When I hear the foot washing gospel, my initial reaction is to think I’m not serving whole heartedly enough and that there’s much more I can be doing in my life. While this is true, I’m a doer, who interprets the reading as a doer would.
A dear mentor and friend always used to remind me gently that, “We don’t see things the way they are, we see things the way we are.” On my first read of the feet washing narrative, when I respond by thinking that I need to get out and do something, I’m seeing things the way that I am.
As I sit with the reading for longer, I realize that for me, the more challenging message is that to allow my own feet to be washed is to serve.

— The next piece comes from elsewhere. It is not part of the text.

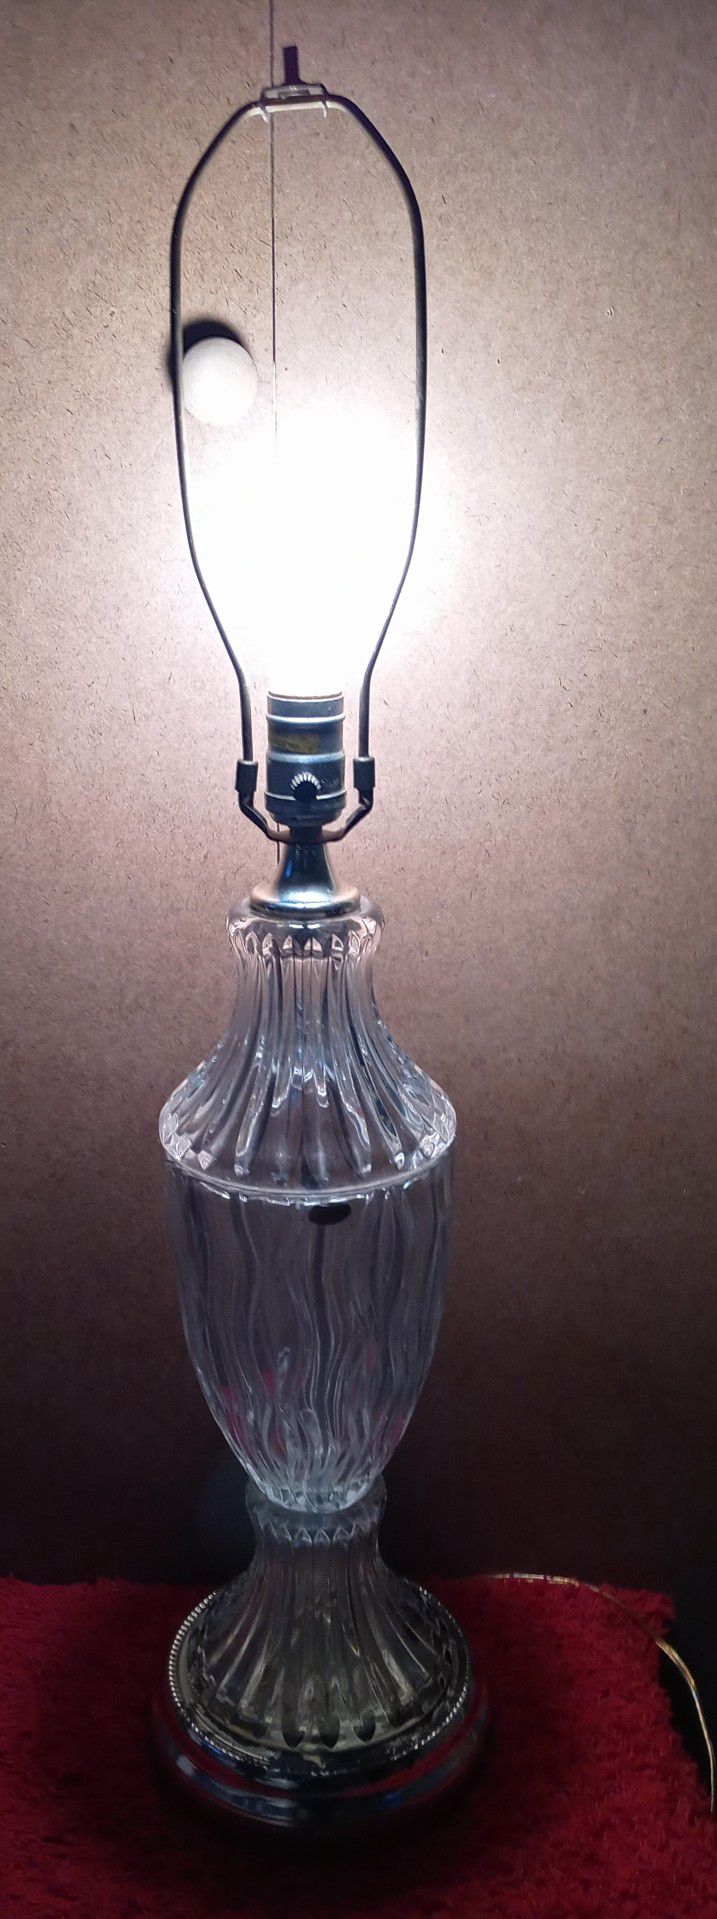 Kensington Crystal Lamp -$20 MPU

There are many ways I refuse to let my feet be washed. When I take too much on, don’t allow a healthy vulnerability with others, or am not up front about my preferences— I refuse to let my feet be washed.
These types of behaviors often seem heroic or Jesus-like. They might even seem like examples of how I wash others’ feet.
When I sit quietly, I can discern the difference between true foot washing and moments when I’m more like Peter, who responds to Jesus’ invitation by refusing to let his feet be washed.
What does it look like, in daily life, to allow others to wash our feet?